# Masterforce Jobsite Table Saw



## mheskamp (May 1, 2013)

Hello!
I'm new here and am looking for some help with a table saw decision. Does anyone own or have experience with the Masterforce jobsite table saw from Menards?

Initially I wrote off Masterforce as just being Menard's cheapo brand, but after looking at it, I'm not so sure in the case of this saw. I'm trying to get over my bias! There's not a whole lot of information to find on the web - I haven't been able to find a single review of it. For more info on the saw, see http://www.menards.com/main/tools-hardware/power-tools/saws/masterforce-10-jobsite-table-saw-with-gravity-assist-stand/p-1724748-c-12931.htm. You can download the pdf of the manual there and see that it has a lot of good features - easy to remove blade/riving knife and blade guard system.

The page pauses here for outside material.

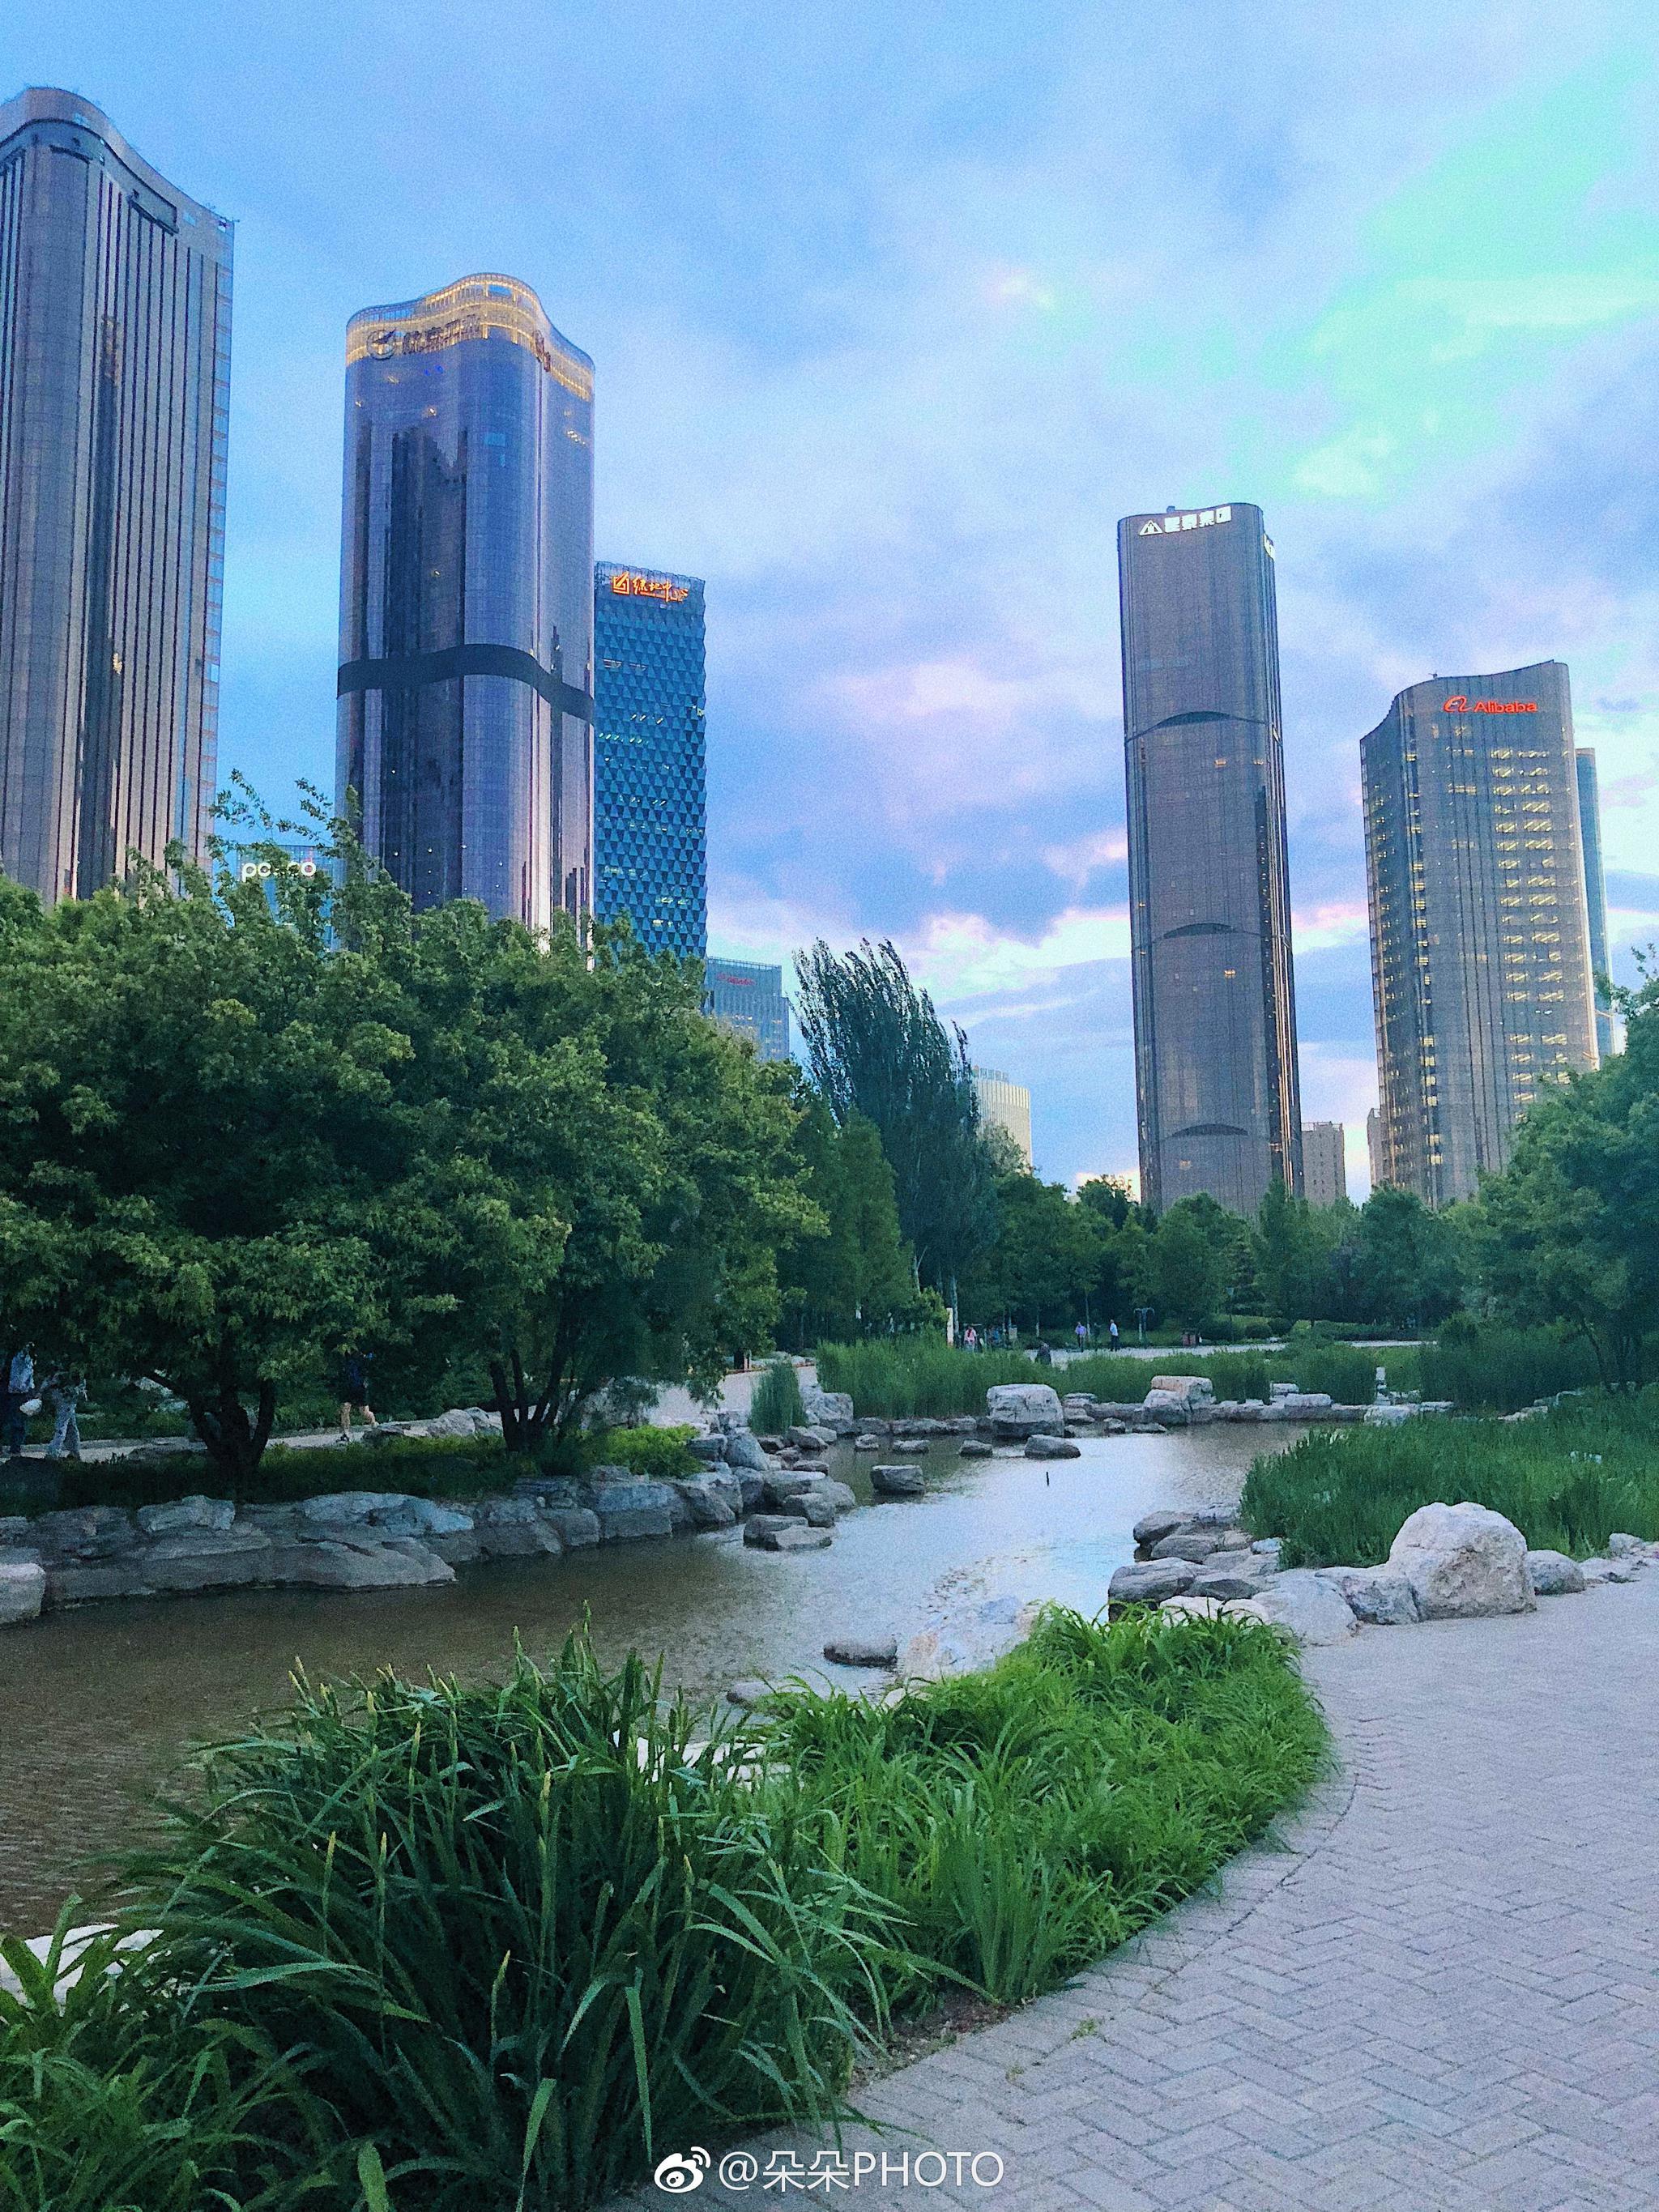 Get一个朝阳外景拍摄地儿:大望京公园,人少景新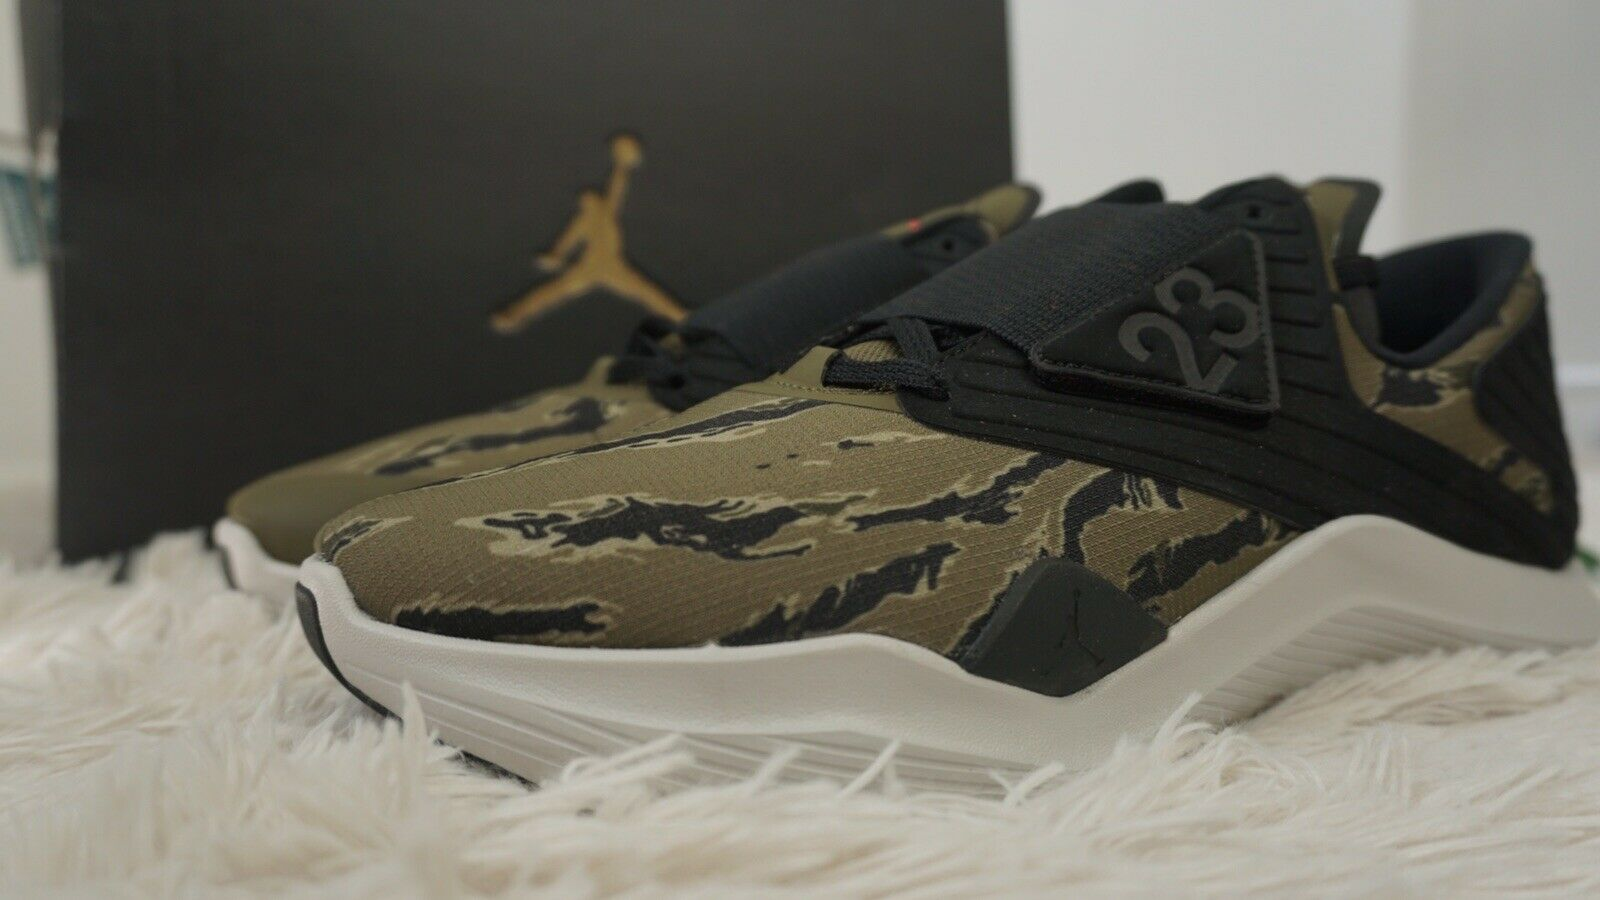 Nike Jordan Jordan Jordan relentless verde Camo Talla 10 bfb842

It seems to be targeted as competition for the Ridgid R4510 given the list price and gravity rise stand. In the store, it seems to be well built. It takes a 3/4" 8" dado stack, so the motor is probably pretty powerful (it doesn't state the HP in the manual).

I was thinking about buying the Bosch 4100-09, but I am only a weekend warrior so I don't need the top of the line saw and don't want to pay for the best if something like the Masterforce will work well for my needs. It seems to be the only one in the $300 price range (it's on sale for $349) that takes a 3/4" dado. I don't have a garage, so I'll be hauling this thing up from the basement to use it outdoors most likely, so portability is important. Another one I've looked at is the Porter Cable PCB220TS, but it only takes a 1/2" dado and the fence doesn't seem great (it does have good reviews though). Craftsman doesn't have a mid-level one with the stand and 3/4" dado either. I've also looked at the DW745 and GTS1031, but it seems like a better idea to get one with a stand, 24" rip capacity and dado if I'm already going to invest $300+ for one of those?

Does anyone have any experience with the Masterforce jobsite saw? I partly just want to buy one and write a review about it to get some information out there, but I don't want to throw away $350 

Anyways, I'll stop babbling on…thanks for your help!


----------



## NiteWalker (May 7, 2011)

I have the bosch 4100; I paid $399 for a refurbished saw with no stand. I'm satisfied with it. It's not an amazing saw by any means, but tuned properly, it cuts just fine.

The masterforce looks very similar to it, as well as the ridgid. EVen the manual is very similar. I would go for it.

Keep in mind, it's a jobsite saw, so there's limitations. The main thing being size. Tune it up and it will cut accurately and reliably.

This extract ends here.